## AVAILABLE DATA
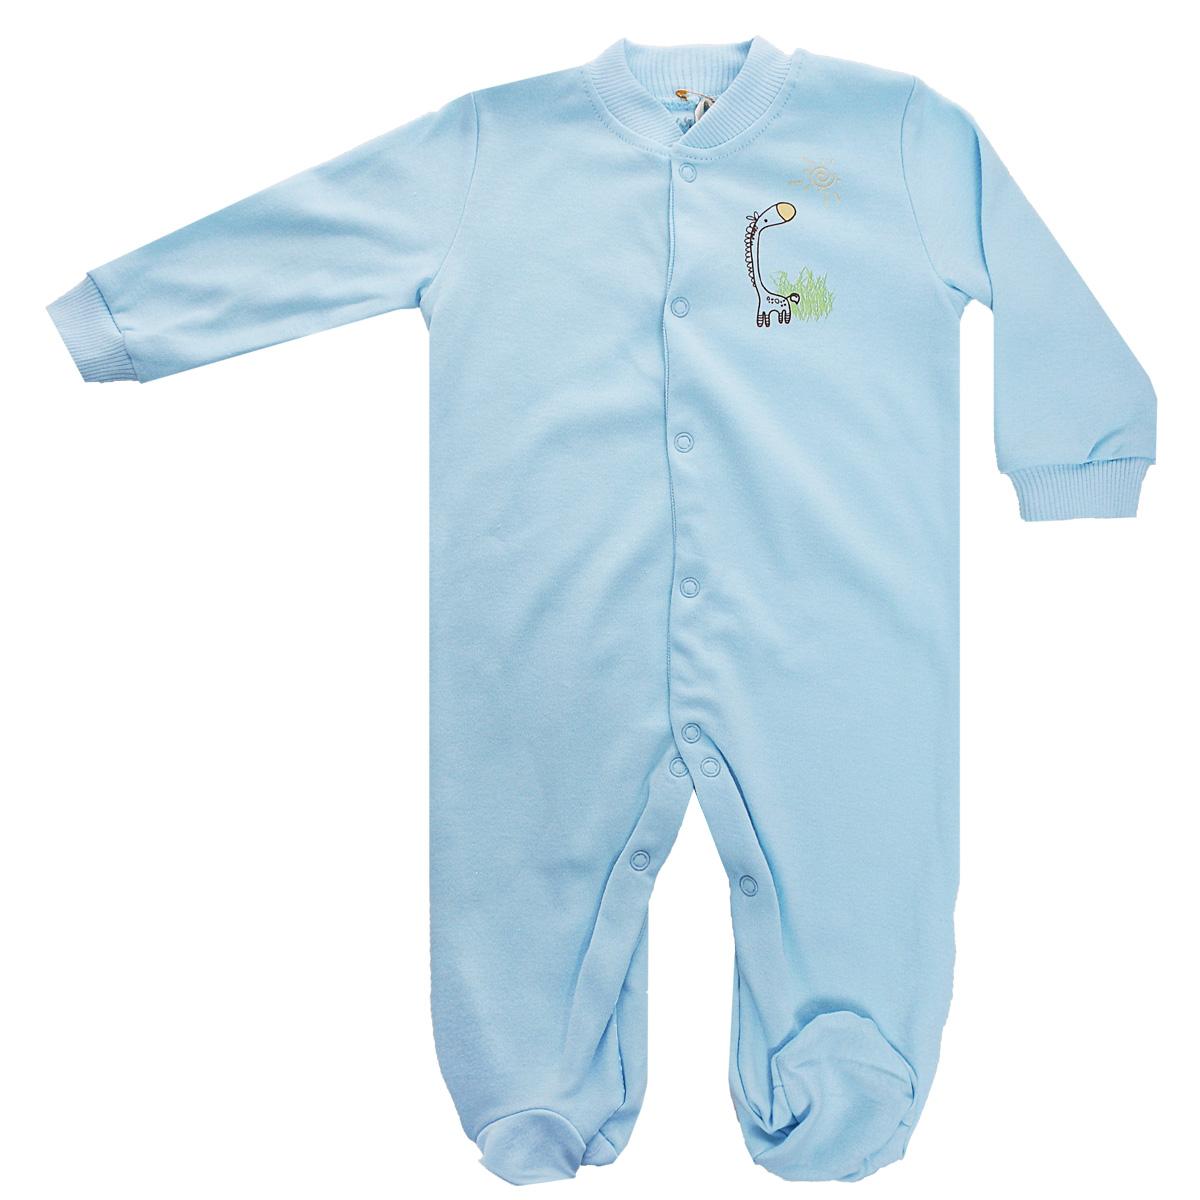 Комбинезон детский Клякса, цвет: голубой. 37-550. Размер 74, 9 месяцев37-550Удобный детский комбинезон Клякса послужит идеальным дополнением к гардеробу ребенка. Комбинезон изготовлен из интерлок-пенье - натурального хлопка, благодаря чему он необычайно мягкий и легкий, не раздражает нежную кожу младенца и хорошо вентилируется, а эластичные швы приятны телу малыша и не препятствуют его движениям. Комбинезон с длинными рукавами, небольшим воротничком-стойкой и закрытыми ножками имеет ассиметричные застежки-кнопки от горловины до щиколотки, которые помогают легко переодеть ребенка или сменить подгузник. Низ рукавов дополнен широкими эластичными манжетами, не пережимающими запястья малыша. На груди изделие оформлено оригинальным принтом с изображением забавного животного.Комбинезон полностью соответствует особенностям жизни ребенка в ранний период, не стесняя и не ограничивая его в движениях!
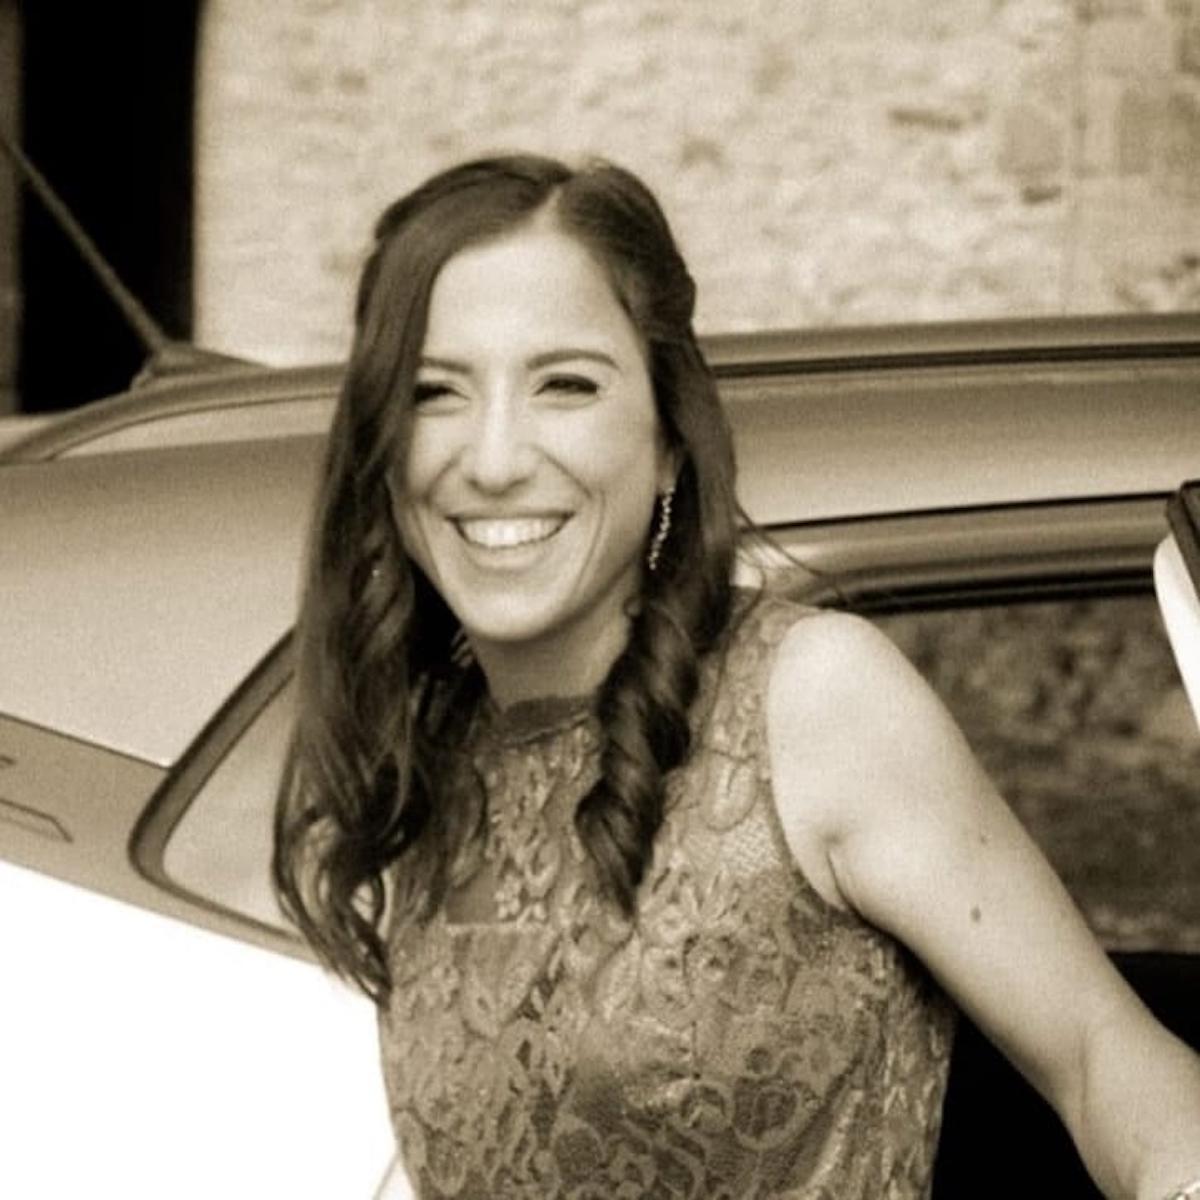 Intervista allo Psicologo Sessuologo Dott.ssa Roberta Calvi su Spreaker   Psicologia Sessuologia Rimini Riccione Cattolica Forli Cesena
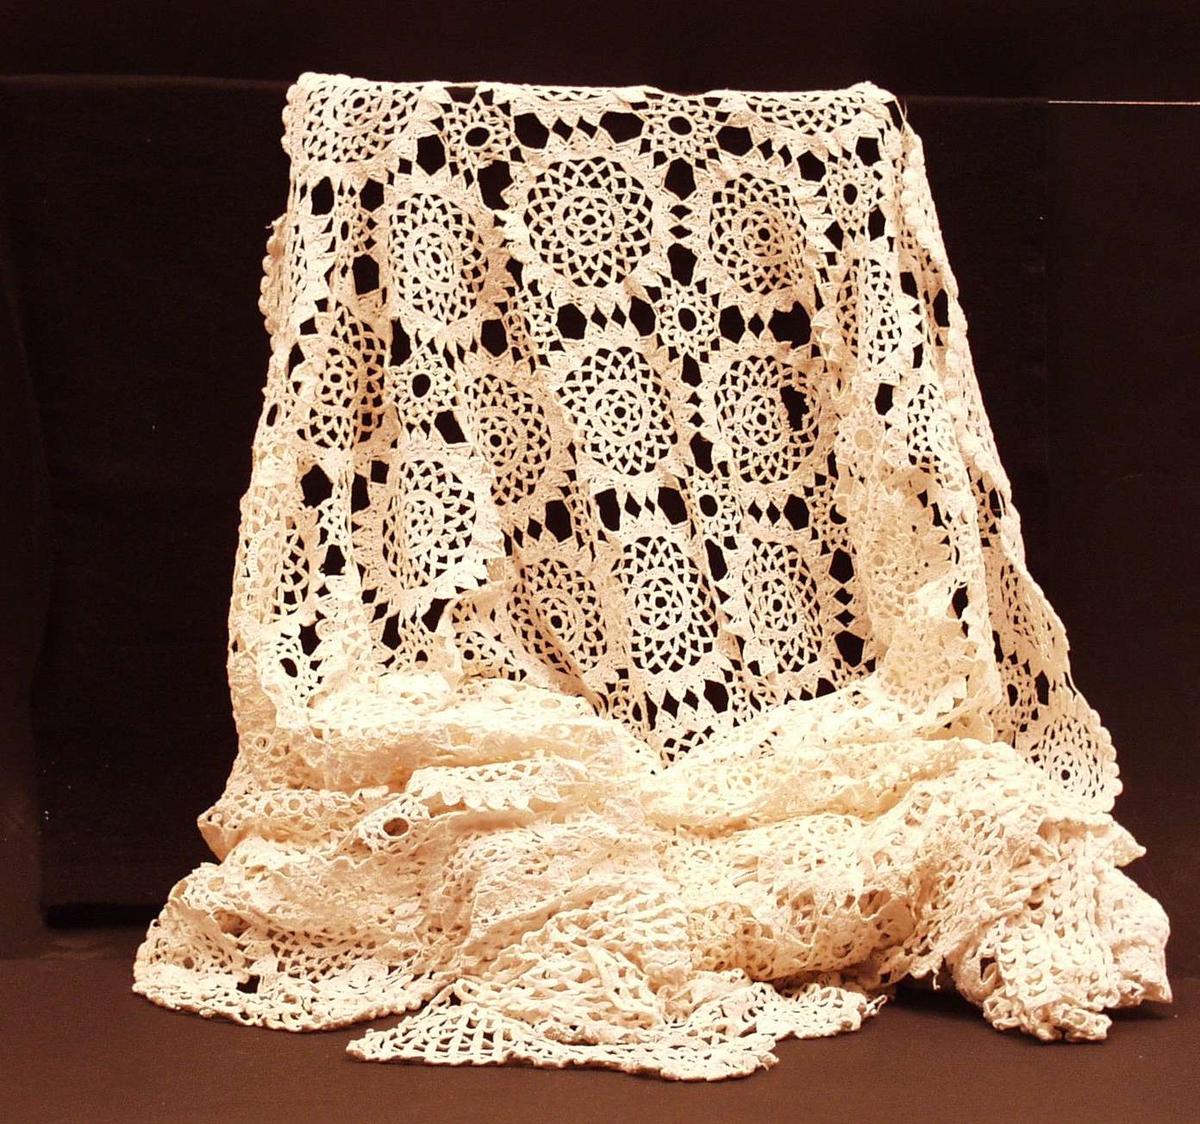 Heklet, hvitt sengeteppe til dobbeltseng. DMC-garn (bomull merc.). Sammensatt av sirkler og kantet med spisser/trekanter på tre kanter.

## INSTRUCTIONS FOR THE TASK
Return the full listing exactly as it appears above, without its pictures.

## ANSWER TO THIS EXERCISE
 Комбинезон детский Клякса, цвет: голубой. 37-550. Размер 74, 9 месяцев37-550Удобный детский комбинезон Клякса послужит идеальным дополнением к гардеробу ребенка. Комбинезон изготовлен из интерлок-пенье - натурального хлопка, благодаря чему он необычайно мягкий и легкий, не раздражает нежную кожу младенца и хорошо вентилируется, а эластичные швы приятны телу малыша и не препятствуют его движениям. Комбинезон с длинными рукавами, небольшим воротничком-стойкой и закрытыми ножками имеет ассиметричные застежки-кнопки от горловины до щиколотки, которые помогают легко переодеть ребенка или сменить подгузник. Низ рукавов дополнен широкими эластичными манжетами, не пережимающими запястья малыша. На груди изделие оформлено оригинальным принтом с изображением забавного животного.Комбинезон полностью соответствует особенностям жизни ребенка в ранний период, не стесняя и не ограничивая его в движениях!
 Intervista allo Psicologo Sessuologo Dott.ssa Roberta Calvi su Spreaker   Psicologia Sessuologia Rimini Riccione Cattolica Forli Cesena
 Heklet, hvitt sengeteppe til dobbeltseng. DMC-garn (bomull merc.). Sammensatt av sirkler og kantet med spisser/trekanter på tre kanter.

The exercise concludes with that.